If you add up the number of hours at your disposal during a given week, the total will be the same for every single living human being on the planet, whatever their occupation: 168 hours per week.
Remove the weekends, and that’s 120 hours. Get some sleep, and you’re left with at most 90 hours of awake time during the weekdays. Eat, shower, and do all the basic things human beings need to do on a daily basis, and you get a maximum 80 hours per week to play with — that is, if you don’t have kids or other irreducible obligations.
So little time, and yet, we waste a lot of energy on low-leverage tasks that leave us tired and dissatisfied. We confuse hard work for high-leverage work. These low-leverage tasks don’t meaningfully contribute to our success, and they certainly don’t contribute to our well-being.
Instead, how can we focus our time and energy on high-leverage activities that are both productive and good for the mind?
More than moving the needle
Unnecessary paperwork, long meetings, chasing down deliverables, fixing typos in an article… What do all of these activities have in common? They are tedious, frustrating, and often avoidable.
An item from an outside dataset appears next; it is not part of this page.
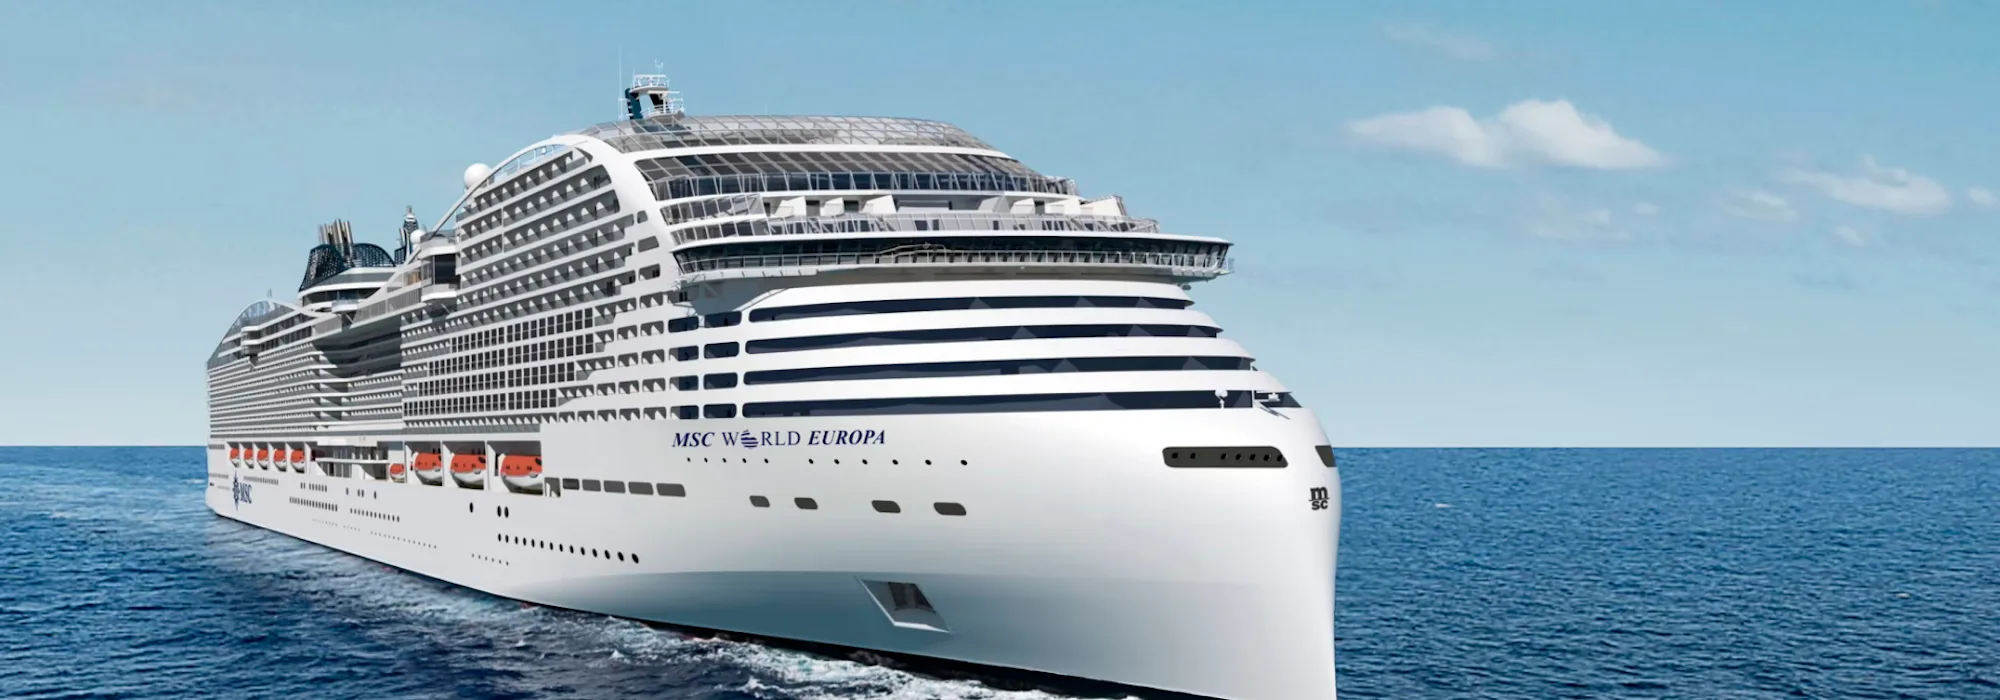 MSC World Europe - MSC Cruises

The expression “moving the needle” originating in the indicator of measuring instruments such as the speedometer. It has become one of these overused bits of business jargon you will hear in many organizations, used to describe work with a small yet noticeable impact.
While it makes sense for a massive organisation to pursue many such “needle-moving” activities, it can be exhaustive and counterproductive for an individual to follow such a strategy.
Moving the needle may imply a corresponding level of hard work; which is not the case with high-leverage activities. This is the basic principle of leverage: using a lever amplifies your input to provide a greater output. Good levers work as energy multipliers. Instead of moving the needle, you want to operate the most efficient levers.
High-leverage activities are energy multipliers
Based on skills, experience, network, and many other factors, everyone’s levers are different. What they have in common, when activated, is their ability to turn a relatively smaller amount of time and energy into outsized results.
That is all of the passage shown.